Code Chronicle

Advent of Code 2024 Day 25

Part 1

A cool way to end the year

This seems like a fun challenge. And one I am excited to attempt.

The first thing I notice is:

• The example input separates locks and keys
• My puzzle input does not

So, my algorithm will need to be extra attentive when classifying them.

As per the explanation, I intend to store each lock and key as an array of numbers representing each column height.

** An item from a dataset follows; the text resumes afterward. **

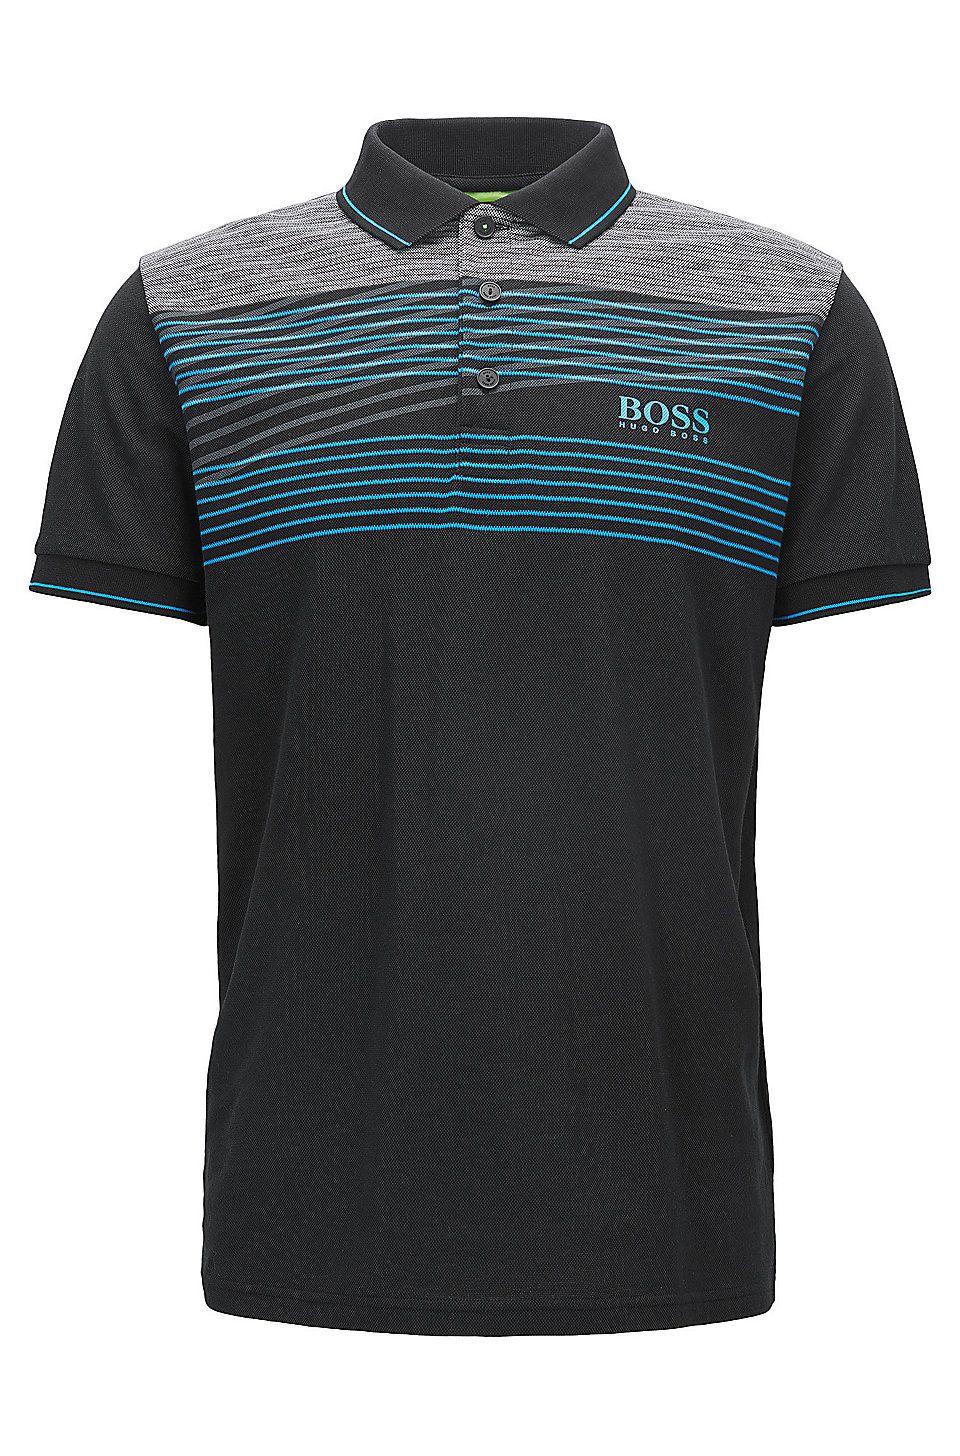 Cotton Blend Polo Shirt, Regular Fit | Paddy Pro. Cotton Blend Polo Shirt,  Slim Fit | Paddy Pro Black from BOSS Green ...

Maybe from there I can write an algorithm that does this:

For each lock
  For each column
    Further filter the list of keys to those with 5 - N height
    in this column, where N is the lock column's height
  Any remaining keys are winners

That seems like it could work.

I'm excited to try coding it!

Writing my lock-key matching algorithm

Processing the input into two lists that each contain 5-digit lists:

input = input.split('\n\n').reduce((group, item) => {
    item = item.split('\n').map(line => line.split(''))
    if (item[0].every(el => el == '#')) {
        // Lock
        let digits = []
        for (let i = 0; i < 5; i++) {
            let tally = 0
            while (item[tally + 1][i] == "#") {
                tally++
            }
            digits.push(tally)
        }
        group[0].push(digits)
    } else if (item[0].every(el => el == '.')) {
        // Key
        let digits = []
        for (let i = 0; i < 5; i++) {
            let tally = 0
            while (item[5 - tally][i] == "#") {
                tally++
            }
            digits.push(tally)
        }
        group[1].push(digits)
    }
    return group
}, [[],[]])

I'm proud of both for and nested while loops that walk down and up each column to determine the height.

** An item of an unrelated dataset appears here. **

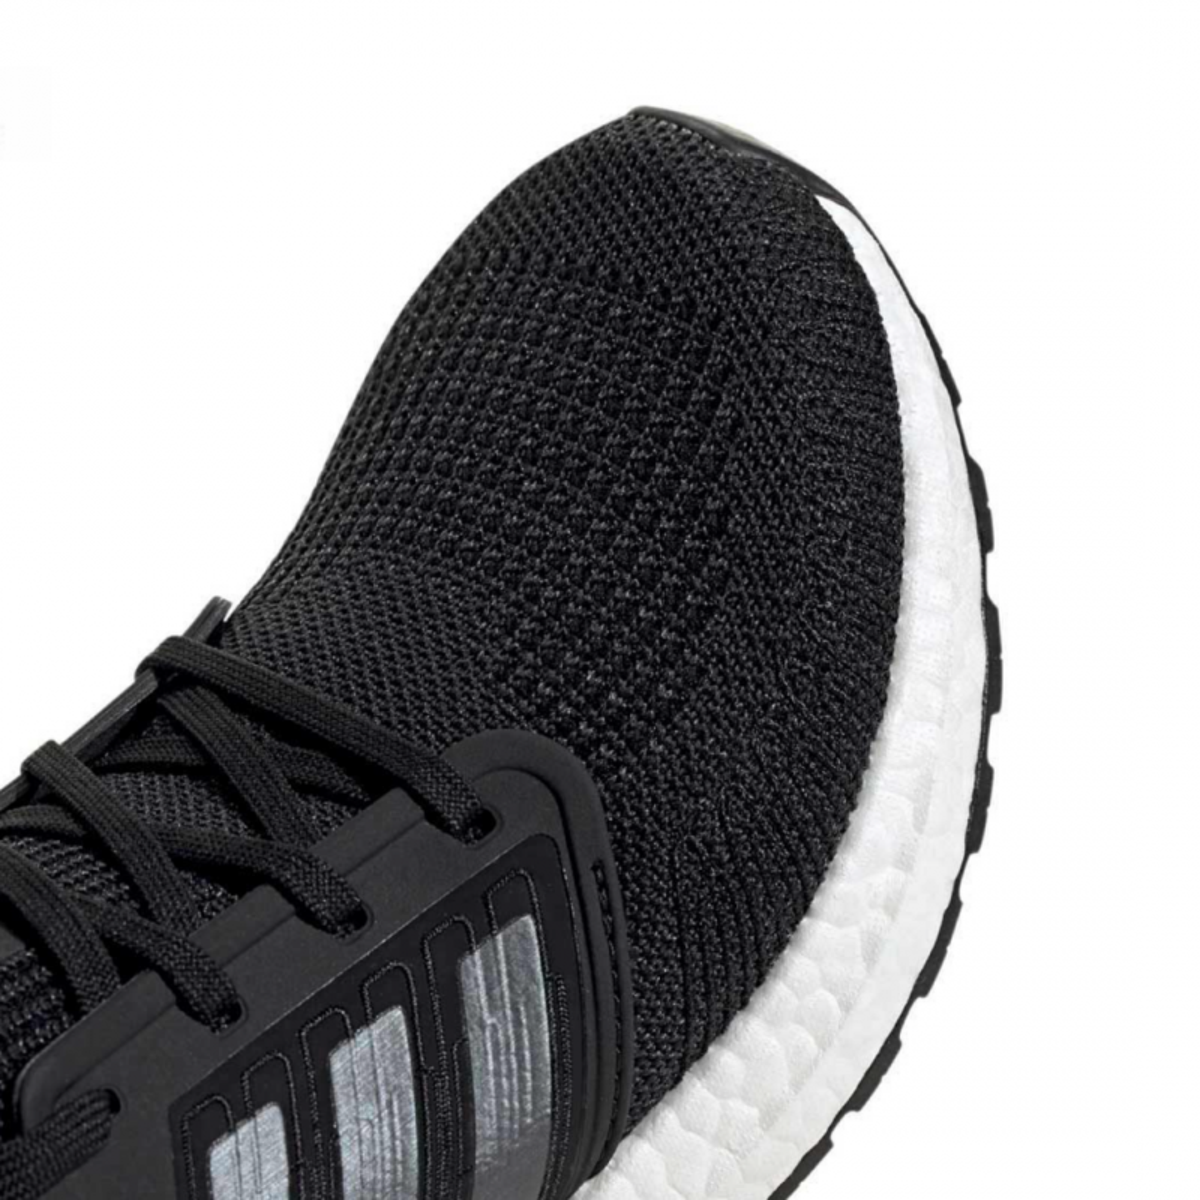 Zapatillas Adidas Ultra Boost 20 Negro Blanco Mujer PV20

As expected, my reduce generates two lists, each one containing 5-digit arrays:

[ [ 0, 5, 3, 4, 3 ], [ 1, 2, 0, 5, 3 ] ] 
[ [ 5, 0, 2, 1, 3 ], [ 4, 3, 4, 0, 2 ], [ 3, 0, 2, 0, 1 ] ]

Now for the fun part: matching keys with locks.

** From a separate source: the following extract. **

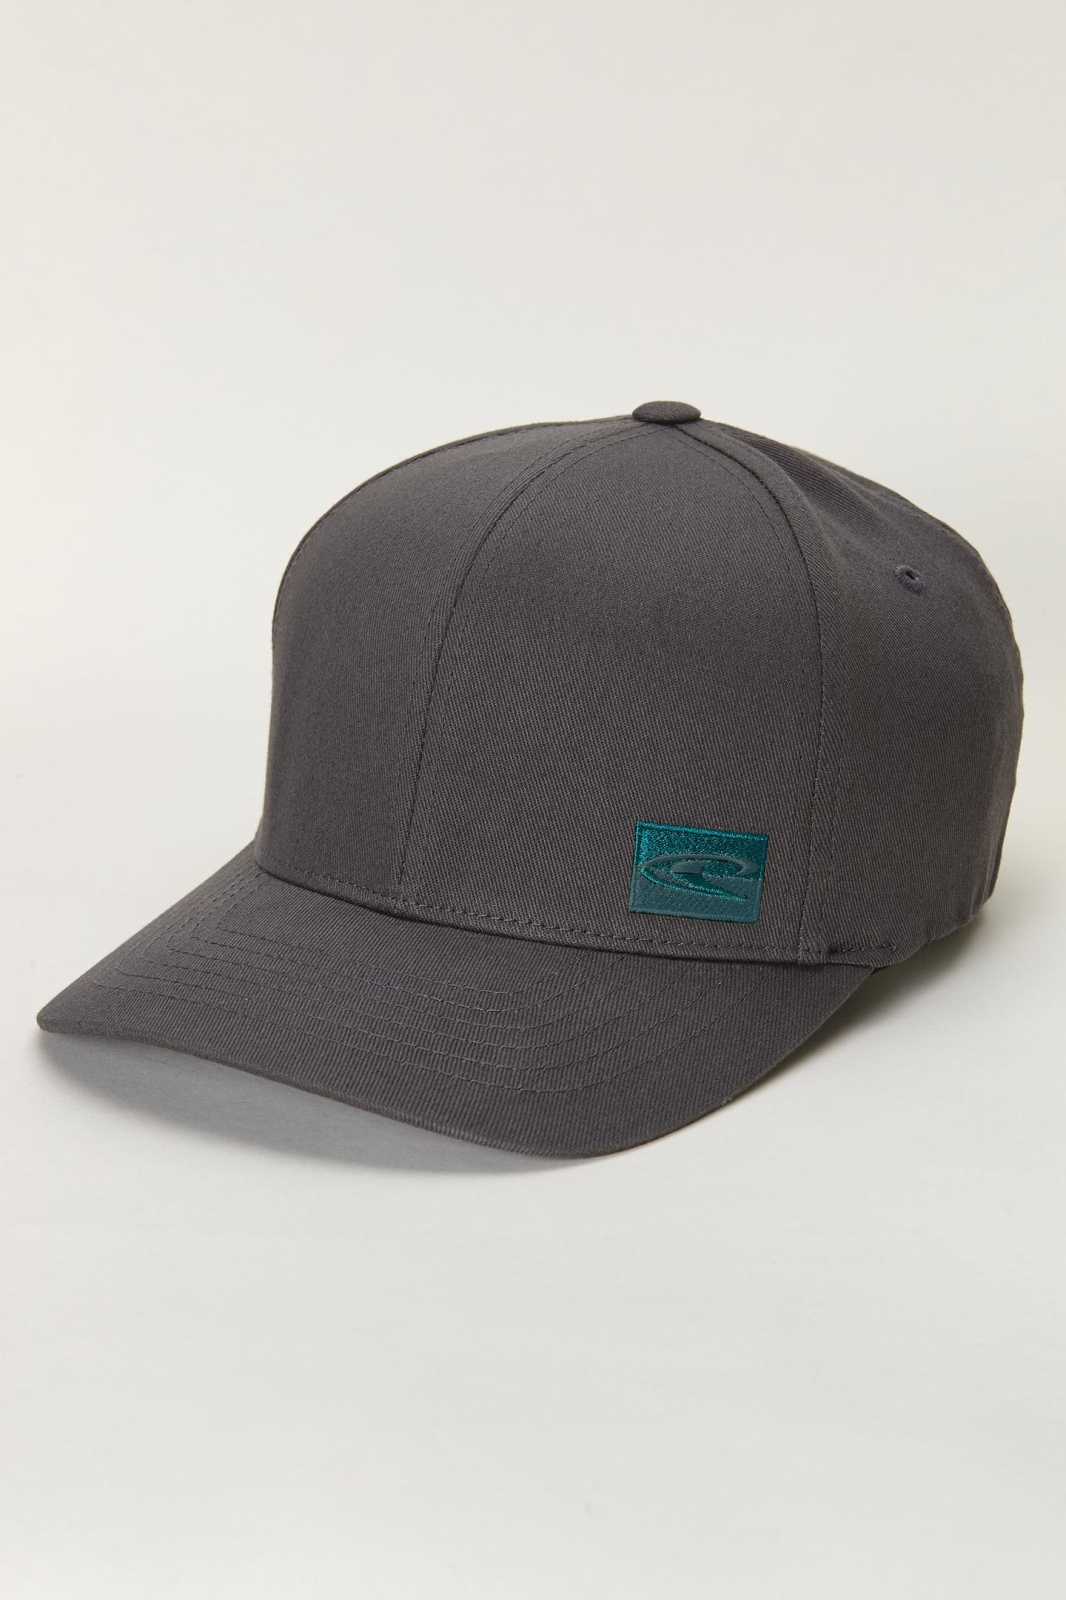 ONEILL SLODOWN HAT

Comparing most keys to every lock

I have a list of locks and a list of keys.

What I intend to do:

For each lock
  Further filter the list of keys
  Based on the number in each column
  Until only keys that fit the lock remain
  Increment a running tally of valid keys

That should get me the correct answer for Part 1.

It would certainly work to get the correct answer for the example input.

Now, to write the algorithm as code:

let tally = 0
locks.forEach(lock => {
    tally += lock.reduce((keysRemaining, digit, index) => {
        return keysRemaining.filter(item => item[index] <= 5 - digit)
    }, keys.map(el => el.slice())).length
})

Could it really be that simple?

Here's what I'm doing:

• Initialize a value to count all valid keys
• Iterate through each lock
• Increment the tally based on how long the final list of keys is after filtering it five times - once for each digit

When running it on the example input, I get 3, the correct answer.

I'm tempted to just run it on my puzzle input.

Worst case, I get a wrong submission and only have 3 more attempts to point me in the right direction.

I'm gonna do it!

Running on my puzzle input

What will it output?

...

A number in the low thousands.

Seems...right?

Time to submit.

...

It was correct!

Woohoo!!!

Year in review

I matched my lowest score in a year: 34.

Given that this year seemed like the hardest one, I'm very proud I didn't set a new lowest score.

As for all time scores:

382/500 is 76.4% or a strong C.

That's been my average this entire journey thus far.

This was another real fun year with interesting new puzzles.

Up next, 2025!

Thanks again for reading.